Thank you for reporting this! :-) The problem (or at least this one) is here in the datasource package we're using: https://github.com/jeads/datasource/blob/aab1f00d9533cb043c7e6074a0f01e02814fba2a/datasource/bases/RDBSHub.py#L332 Yet another reason we need to ditch datasource in lieu of using Django's ORM.
Group: mozilla-employee-confidential → webtools-security
Status: UNCONFIRMED → NEW
Ever confirmed: true
Another vulnerable URL - https://treeherder.mozilla.org/api/project/mozilla-central/artifact/?offset=%27abcd My local testing on Django shows that the MySQL adapter allows multiple queries / commands in execute(). Mozilla's setup may be different and not suffer from this which would limit the impact. Otherwise, the vulnerable SQL query looks like SELECT ... FROM ... LIMIT [sqi], 10; and by setting [sqli] to 1; CREATE / SELECT / UPDATE ... ;# you will be able to execute arbitrary queries as the db user, possibly obtaining a webshell through 'SELECT ... INTO OUTFILE /somewhere/in/webroot' . I used the the following to test on my local install 1; CREATE TABLE foo (bar INT);# then checked for the existence of foo.

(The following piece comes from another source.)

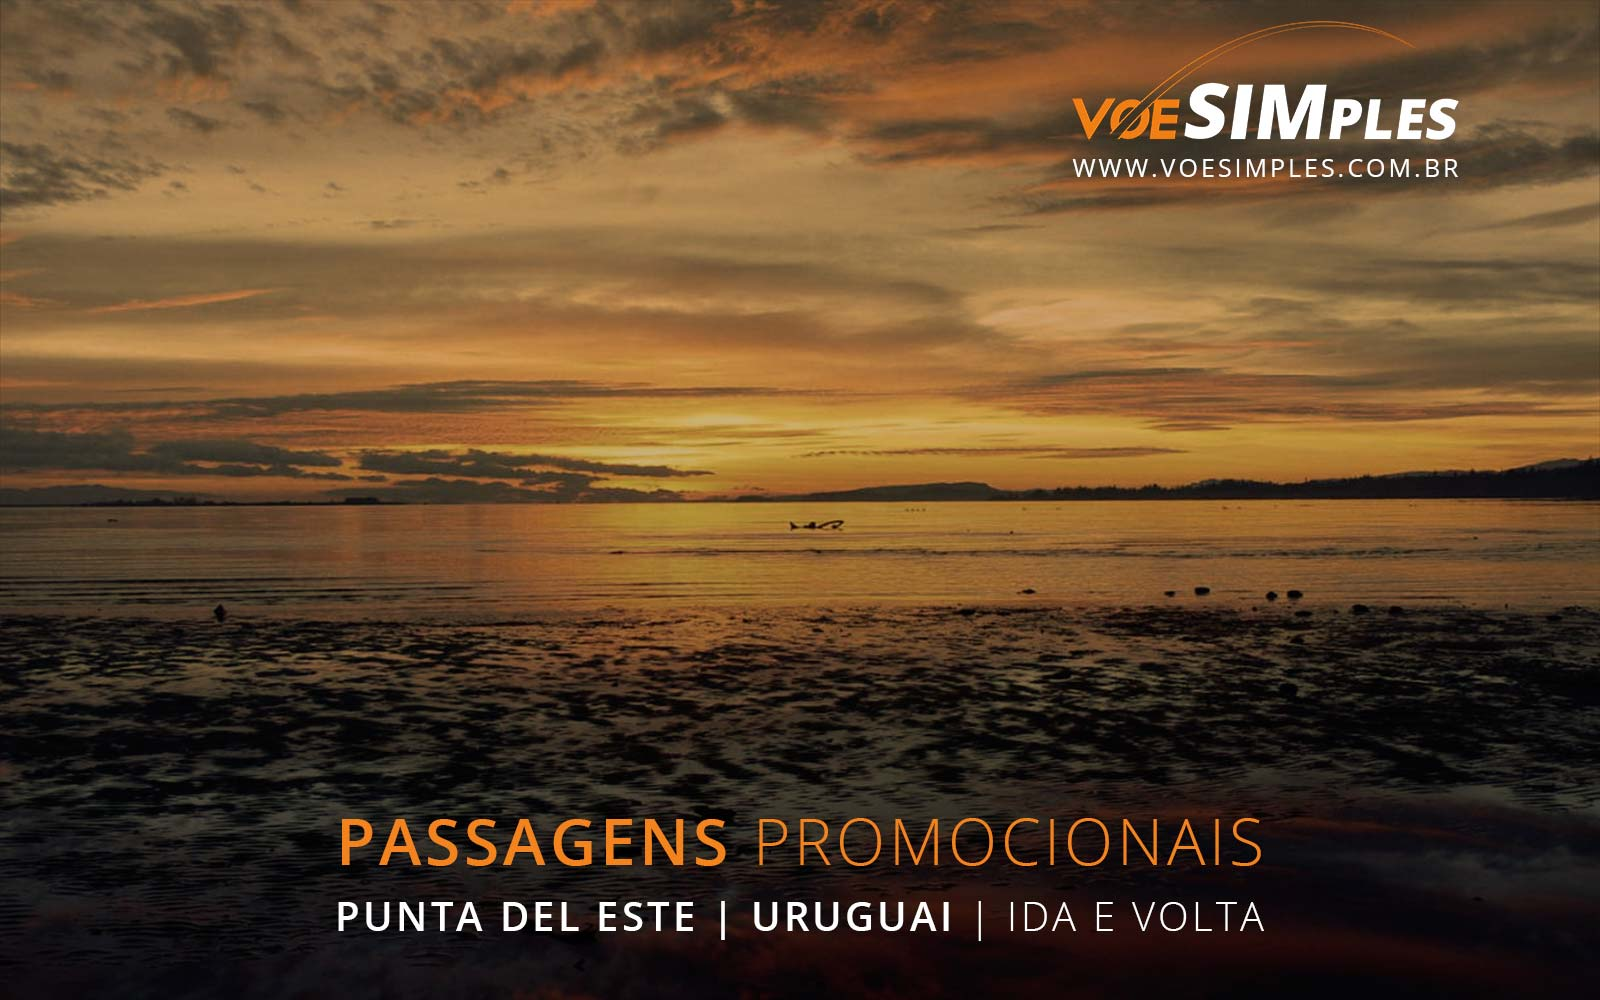 Passagens aéreas promocionais para Punta del Este no Uruguai
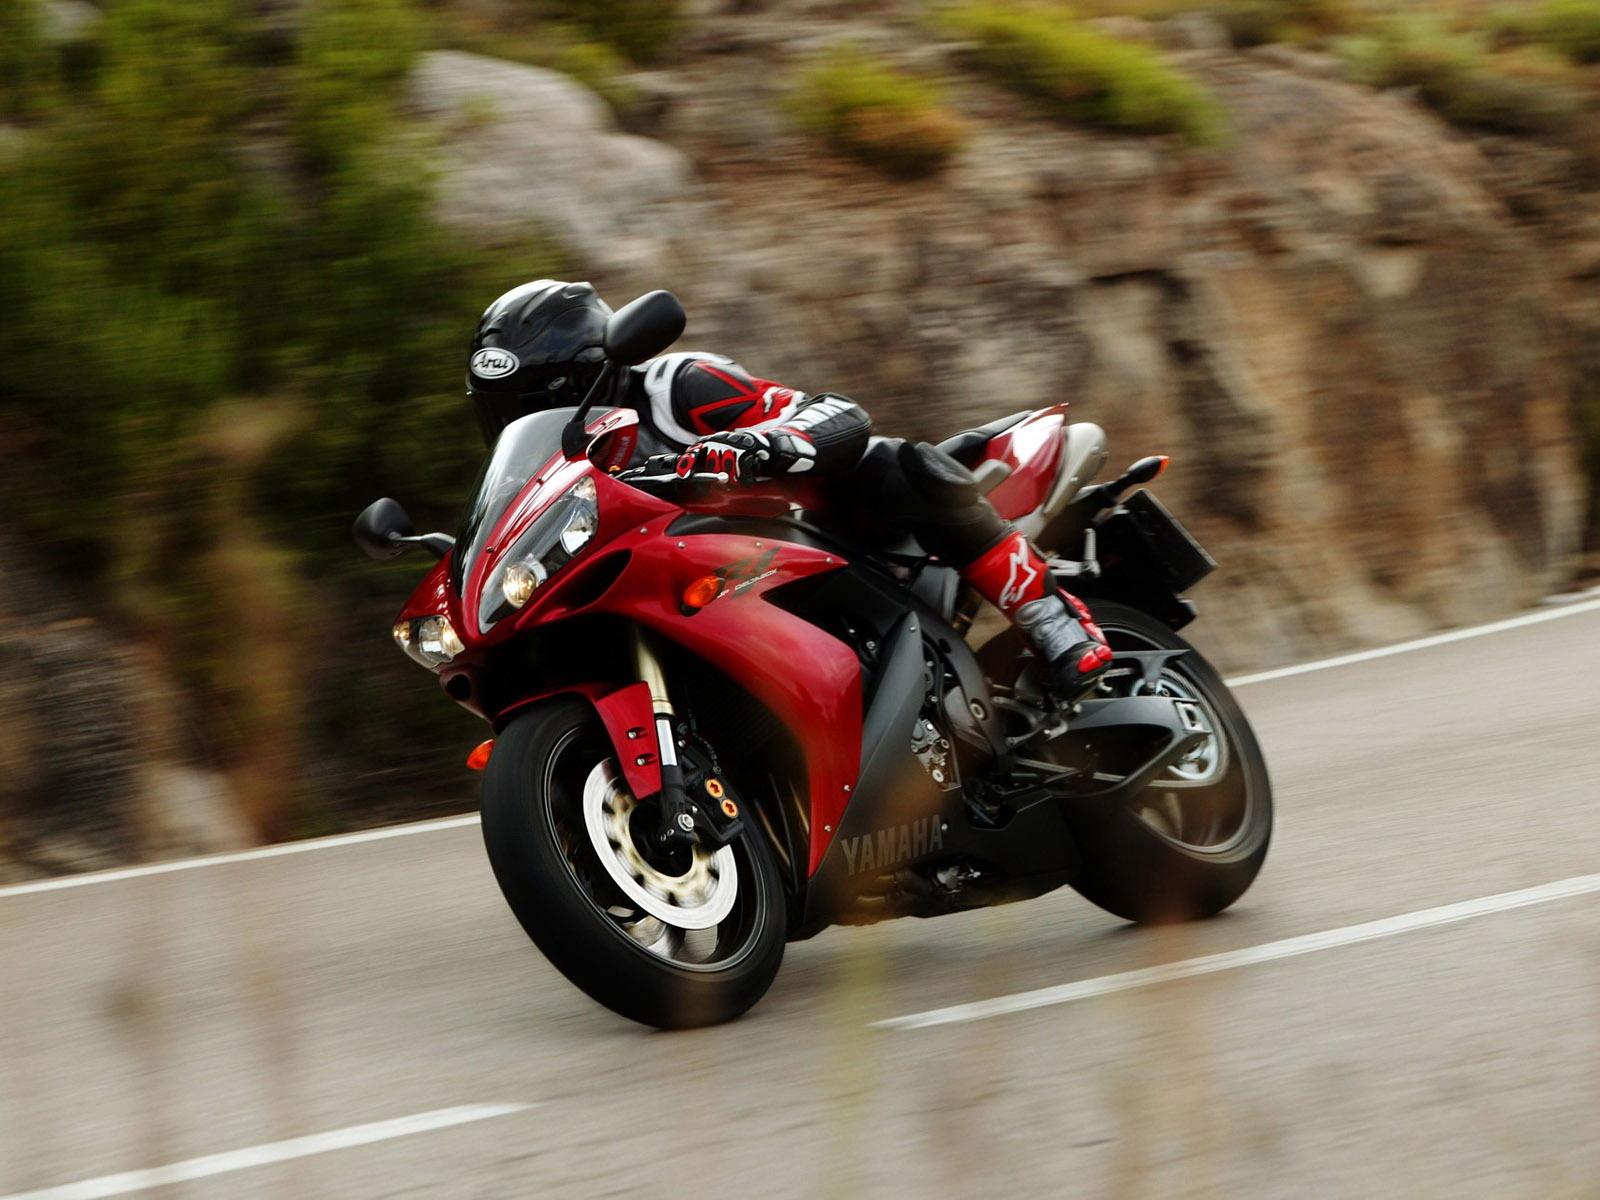 Set As Desktop Background Wallpapers Motocycles Yamaha Bikes

(In reply to Ed Morley [:emorley] from comment #2) > Thank you for reporting this! :-) > > The problem (or at least this one) is here in the datasource package we're > using: > https://github.com/jeads/datasource/blob/ > aab1f00d9533cb043c7e6074a0f01e02814fba2a/datasource/bases/RDBSHub.py#L332 > > Yet another reason we need to ditch datasource in lieu of using Django's ORM. Ah, thanks for the additional information. I was under the assumption that you were using the Django functions for raw sql. You can ignore most of comment 3 :)
Well, we should of course be casting the API param too - but I think datasource should handle this - otherwise who would ever want to use it over stored procedures :-/ What worries me is how many other nuggets like this are lurking in datasource/our use of it :-S
* Correctly use the 'offset' param instead of 'limit', since the wrong parameter was being substituted. * Cast the limit and offset parameters to int, to prevent SQL injection if those parameters were not sanitised in the app. Note: This intentionally removes the ability to pass a limit string of say "100,200" to Datasource - since IMO the offset parameter makes this redundant (and now the offset param is fixed we can actually use it). We'll need to make Treeherder switch to the latest datasource at the same time as changing the limit params to instead be a combination of limit+offset.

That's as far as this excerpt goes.